Raymond Ibrahim is a Shillman Fellow at the David Horowitz Freedom Center. This article is reprinted from Coptic Solidarity.
“To date, no hearings have been set, no reparation has been provided, and no courts have sought to move the case forward.” Such is how a recent report describes the plight of So‘ad Thabet, a Coptic Christian grandmother in her seventies living in Egypt.
On May 20, 2016, a mob of some 300 Muslim men descended on her home, stripped her completely naked, beat, spit on, and paraded her in the streets of al-Karm village (in Minya governorate) to jeers, whistles, and triumphant shouts of “Allahu Akbar.”
Her crime? Her son was falsely accused of having a romantic relationship with a Muslim woman, which is banned under Islamic law, or sharia—the same body of teachings that prescribe the collective punishment of non-Muslim “infidels.”
Earlier that day Thabet and her husband had gone to local police and complained that they were being harassed and threatened by neighborhood Muslims. Police responded by also threatening and ordering them out of the station. A few hours later, the attack came. It took the same local police over two hours to appear, giving the mob “ample time,” as one Christian clergyman put it, to riot. Seven Christian homes were also burned.

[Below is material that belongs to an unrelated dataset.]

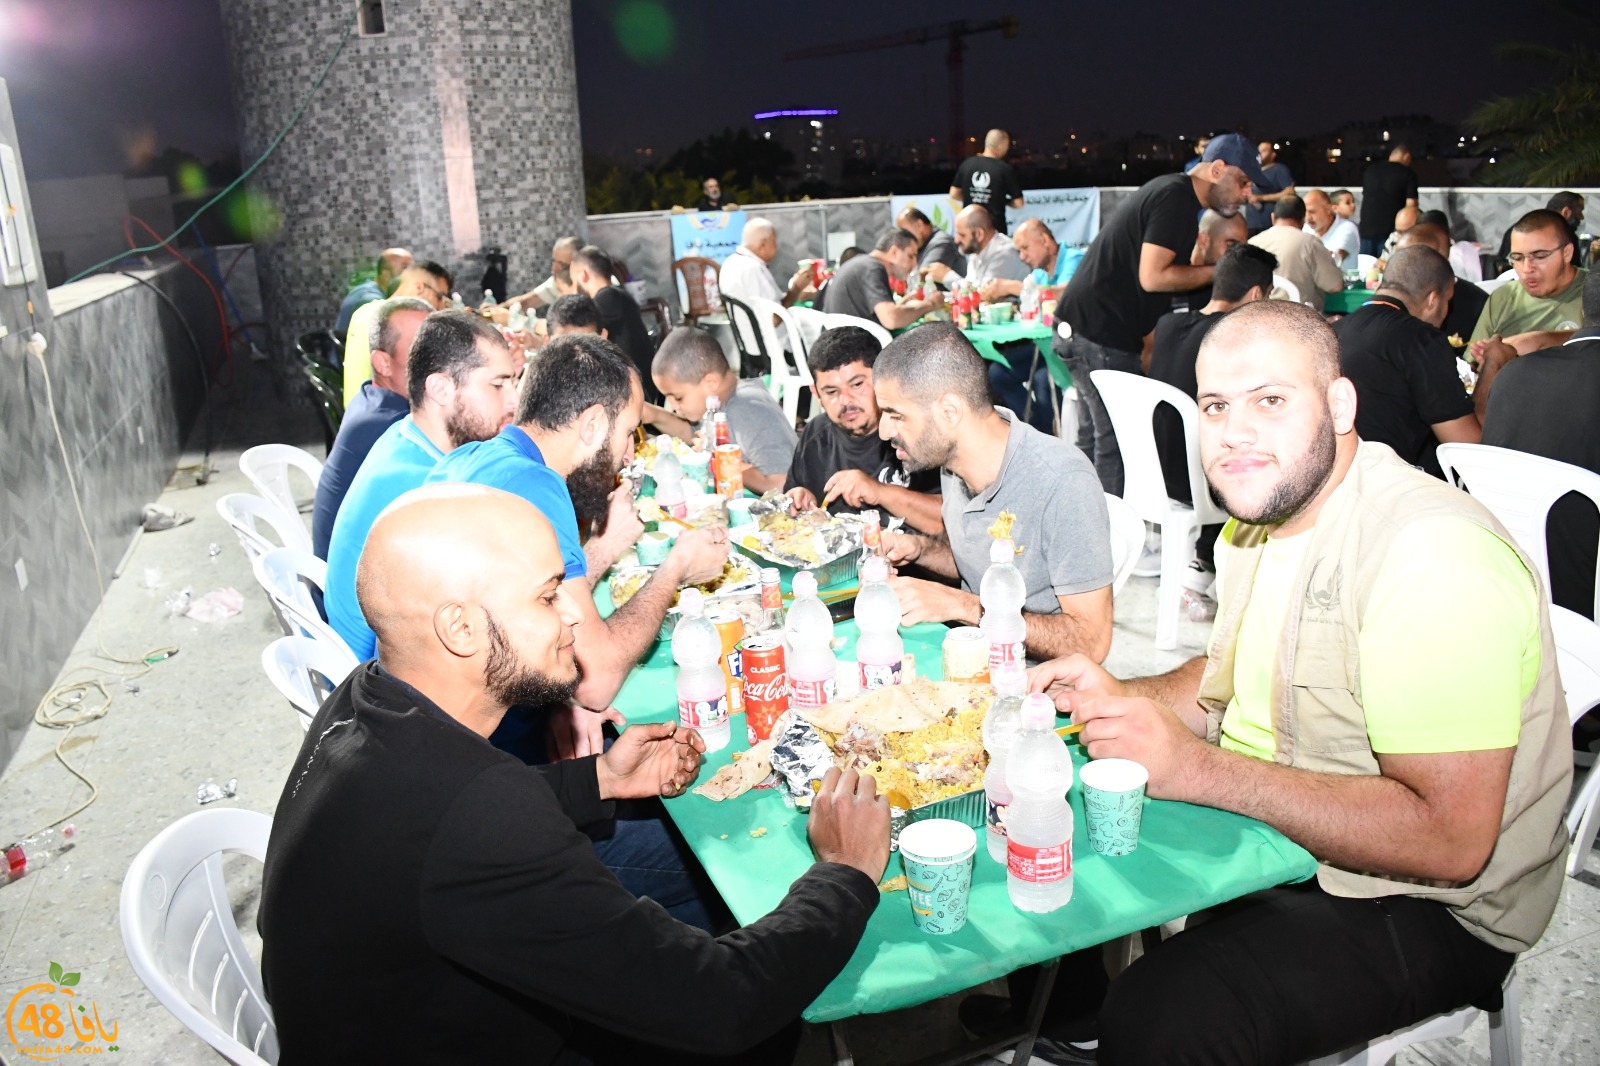  بالفيديو: جمعية يافا تُنظم افطاراً جماعياً لأهالي حي الجبلية في يافا

Nearly six years later and still no justice for So‘ad Thabet, even though her abusers are well known. “The case had been postponed several times and was closed in 2017 due to insufficient evidence,” states an Arabic language report. “However, the woman’s legal representatives filed a grievance reopening it again. Then, in March 2019, the Minya felony court decided to withdraw from hearing the case due to embarrassment.” After that, in October 2019, the case was postponed again, because a court member was reportedly absent. Nearly a year after that, in September 2020, the court simply recused itself. And now, according to the most recent reporting (Jan. 18, 2022), “Egypt’s courts still have made no efforts to pursue justice in the five and a half-year-old case.”
Such is Egyptian “justice.” Meanwhile, the humiliated, elderly woman resides outside her village for fear of “reprisals,” even as her tormentors, who are all known by name and face, still live and walk around there, freely and proudly.
Commenting on this delay, Adel Guindy, founding president of Coptic Solidarity and author of A Sword Over the Nile, which outlines the persecution Egypt’s Christians experienced over the course of fourteen centuries, said,
The judiciary system in Egypt, as well as the rest of the pillars of the state (often referred to as the “deep state”) have become impregnated with fundamentalist Islamic ideology, and are thus decidedly biased against Copts. The political leadership of the country takes no concrete corrective measures and, worse still, lets this ideology shape and dominate the society, through education and media.
The ongoing stalling of this relatively clear-cut case makes clear that Egypt’s Christian minorities are not just suffering from Islamists and criminals but from the entire system, a system which allows much impunity for those who would target Christians. After all, a justice that moves as slowly as a turtle—constantly recusing and delaying—is just another form of injustice.
In the end, Thabet’s problem is that she is both a woman and a Christian—two characteristics that make her something of a nonentity in Islamic, uber-patriarchal Egypt. This fact was even more recently underscored: although Egypt’s most indigenous population, the Christian Copts, amount for at least 10 percent of the nation’s population, on Mar. 3, 2022, 98 female justices were, in an unprecedented and progressive move, appointed in Egypt—and yet not one of them was a Christian, all Muslims.
This would seem to suggest that being Christian is even worse than being a woman in Egypt—and that’s certainly saying something.